Dipeptidyl peptidase-4 (DPP-4) inhibition with linagliptin reduces western diet-induced myocardial TRAF3IP2 expression, inflammation and fibrosis in female mice

Abstract

Background: Diastolic dysfunction (DD), a hallmark of obesity and primary defect in heart failure with preserved ejection fraction, is a predictor of future cardiovascular events. We previously reported that linagliptin, a dipeptidyl peptidase-4 inhibitor, improved DD in Zucker Obese rats, a genetic model of obesity and hypertension. Here we investigated the cardioprotective effects of linagliptin on development of DD in western diet (WD)-fed mice, a clinically relevant model of overnutrition and activation of the renin-angiotensin-aldosterone system.

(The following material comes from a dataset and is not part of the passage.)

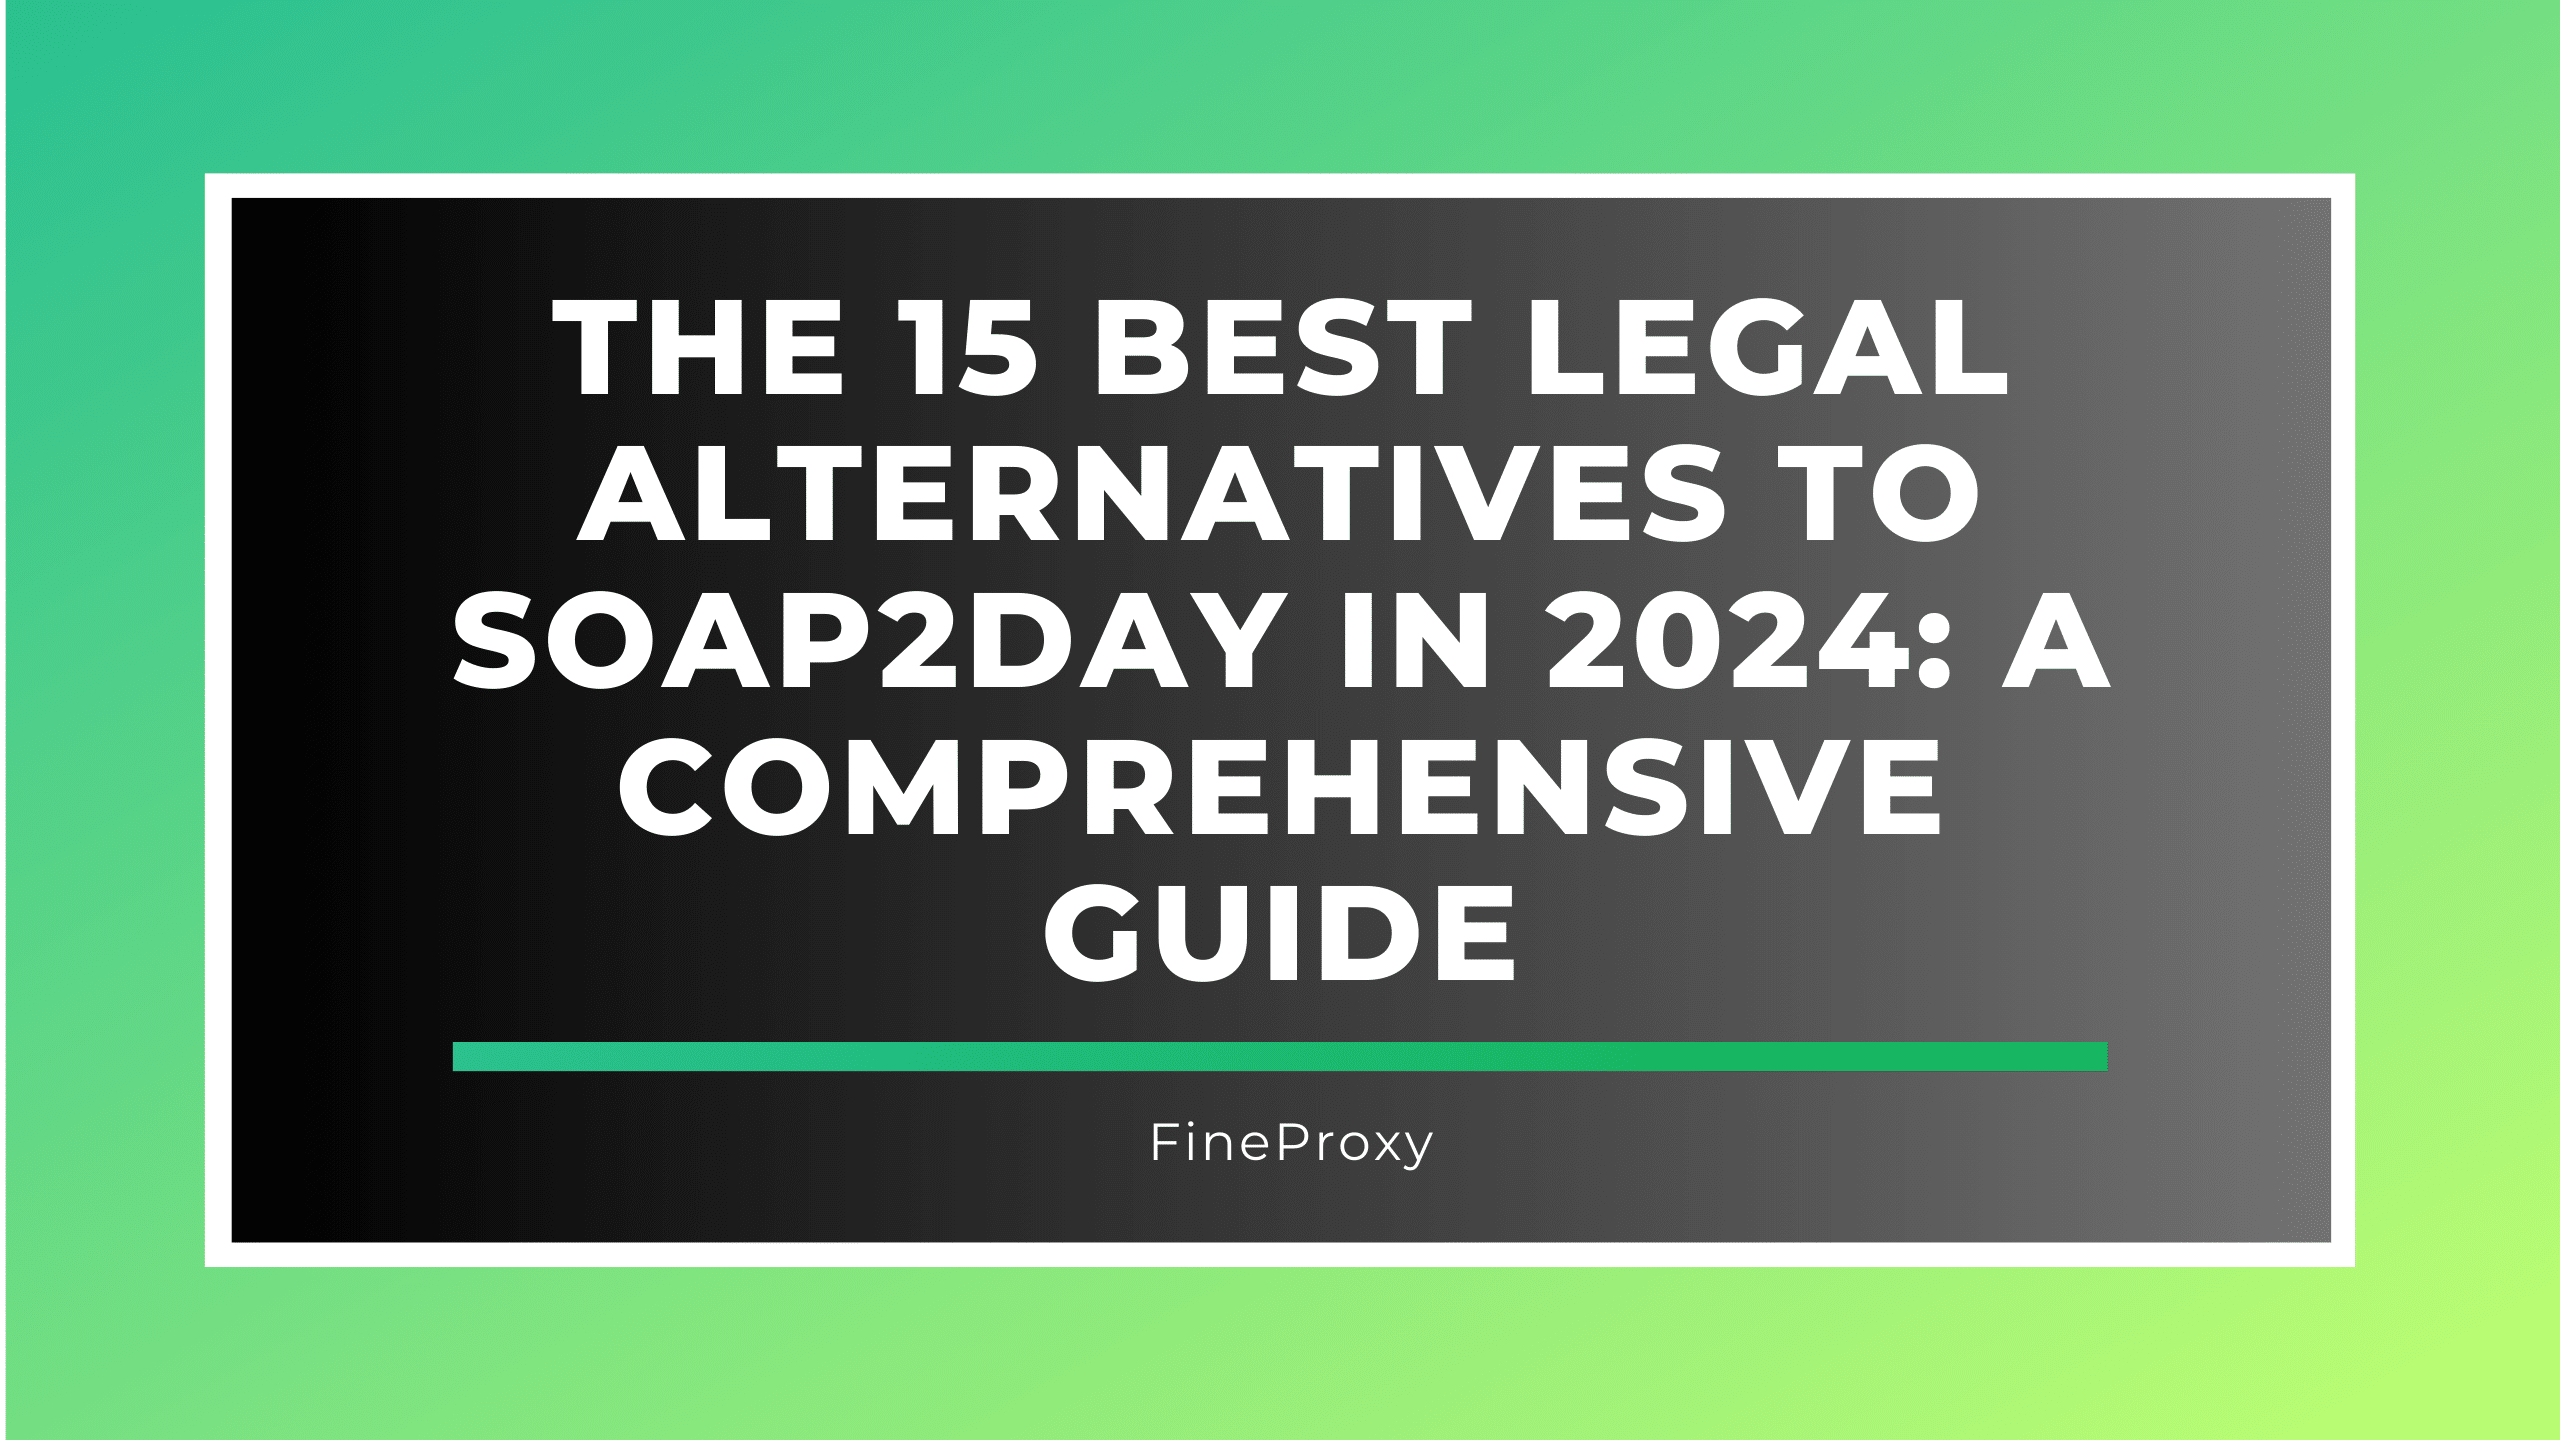 The 15 Best Legal Alternatives to Soap2day in 2024: A Comprehensive Guide

Methods: Female C56Bl/6 J mice were fed an obesogenic WD high in fat and simple sugars, and supplemented or not with linagliptin for 16 weeks.

Results: WD induced oxidative stress, inflammation, upregulation of Angiotensin II type 1 receptor and mineralocorticoid receptor (MR) expression, interstitial fibrosis, ultrastructural abnormalities and DD. Linagliptin inhibited cardiac DPP-4 activity and prevented molecular impairments and associated functional and structural abnormalities. Further, WD upregulated the expression of TRAF3IP2, a cytoplasmic adapter molecule and a regulator of multiple inflammatory mediators. Linagliptin inhibited its expression, activation of its downstream signaling intermediates NF-κB, AP-1 and p38-MAPK, and induction of multiple inflammatory mediators and growth factors that are known to contribute to development and progression of hypertrophy, fibrosis and contractile dysfunction. Linagliptin also inhibited WD-induced collagens I and III expression. Supporting these in vivo observations, linagliptin inhibited aldosterone-mediated MR-dependent oxidative stress, upregulation of TRAF3IP2, proinflammatory cytokine, and growth factor expression, and collagen induction in cultured primary cardiac fibroblasts. More importantly, linagliptin inhibited aldosterone-induced fibroblast activation and migration.

Conclusions: Together, these in vivo and in vitro results suggest that inhibition of DPP-4 activity by linagliptin reverses WD-induced DD, possibly by targeting TRAF3IP2 expression and its downstream inflammatory signaling.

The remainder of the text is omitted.